Things get ugly, police show up as strike negotiations go full Jerry Springer

It’s never a good sign in a negotiation when someone calls the cops.

On Thursday morning, according to School Committee Chair Chris Brezski, things seemed to be going in a positive direction at the bargaining table. Then things unraveled, people started shouting, and someone called the police to report a possible fight.

“The mediator came down to our room, handed us all the nose, and we gave him an earful,” Michael Zilles shrugged at a press conference outside the Education Center Thursday night. “That’s what happened. And then somebody called the police.”

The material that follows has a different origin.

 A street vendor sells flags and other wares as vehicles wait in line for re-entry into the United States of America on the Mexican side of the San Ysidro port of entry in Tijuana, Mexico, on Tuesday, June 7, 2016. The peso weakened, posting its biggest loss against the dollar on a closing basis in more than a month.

There was no physical altercation—just very loud arguing—but Brezski later said that the tensions spilled over to City Hall when several union members tried to get into Mayor Ruthanne Fuller’s office to speak to her directly.

Zilles, said members did go to see Fuller, but they didn’t try to storm in.

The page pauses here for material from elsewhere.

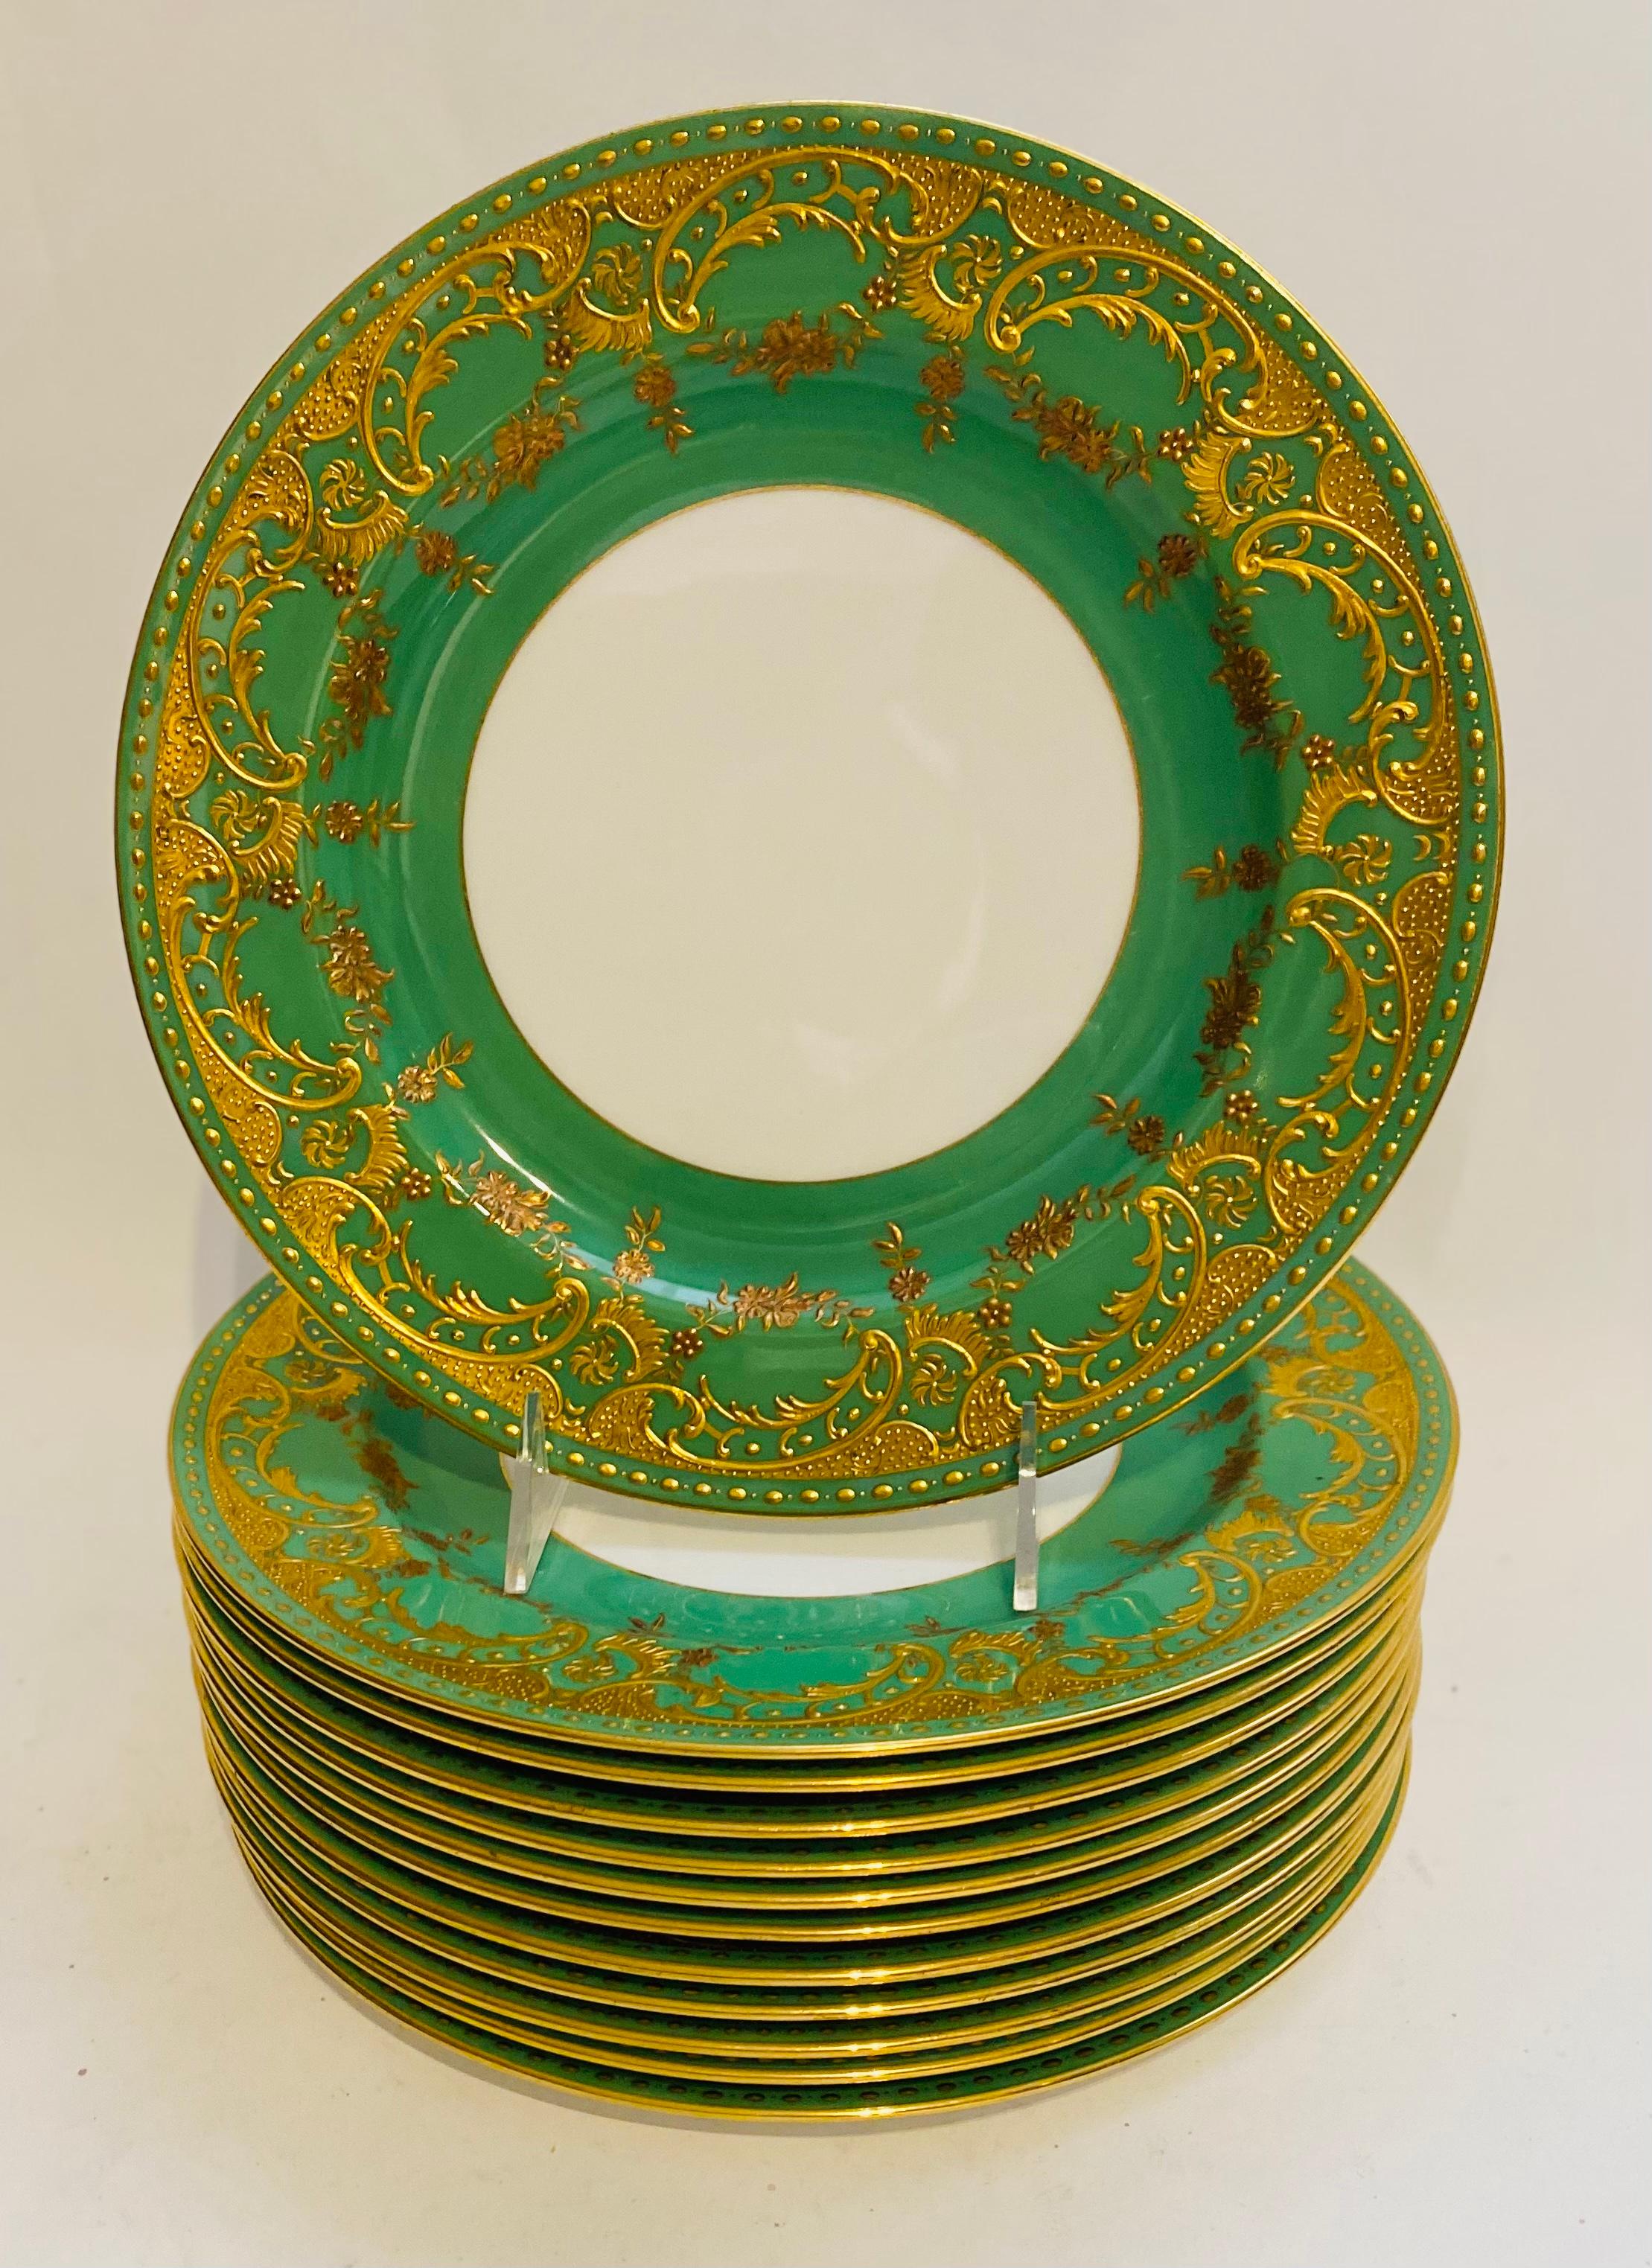 Neoclassical 12 Heavily Gilt Encrusted Antique Green & Gold Minton England Dinner Plates For Sale

Newton police officers were inside the Education Center Thursday night, while Fuller and Breszki gave their side of the day’s events.

“Our teachers are passionate,” Fuller said about the NTA members showing up at her office.

“What they did today was not role-modeling what I think our adults should be doing here in Newton.,” she continued, adding that she was in a meeting with the commissioner of Parks, Recreation and Culture at the time. “They pushed past the office staff, they crowded down the hall in front of my office, they started pounding on the door.”

Brezski said progress in negotiations from the day before broke down on Thursday afternoon.

“We understand how hard this is for families. It’s hard on my family,” a visibly exhausted, almost shaken, Brezski said. “I know it’s hardest on families who are most vulnerable, and kids who are most vulnerable. We are doing everything. We are doing everything we can to end this and get our kids back [in school].”

Outside at NTA press conference, teacher Ryan Normandin threw the gloves off and said the School Committee has “no interest in negotiating.”

“The School Committee will not even look us in the face while they spit on us,” Normandin shouted into the cold winter air.

Normandin accused the School Committee and Mayor Fuller of rejecting every proposal the NTA offers as a stall tactic while the courts issue fines and other punishments.

“The school Committee toes the line, eating up the lies of Mayor Ruthanne Fuller, because they are too cowardly to challenge her, a woman who does not deserve to hold the title of mayor,” he continued, at one point referring to Fuller as a “make-believe mayor who refuses to talk to anything that’s not a camera.”

Needless to say, negotiations did not produce a deal, so there’s no school on Friday.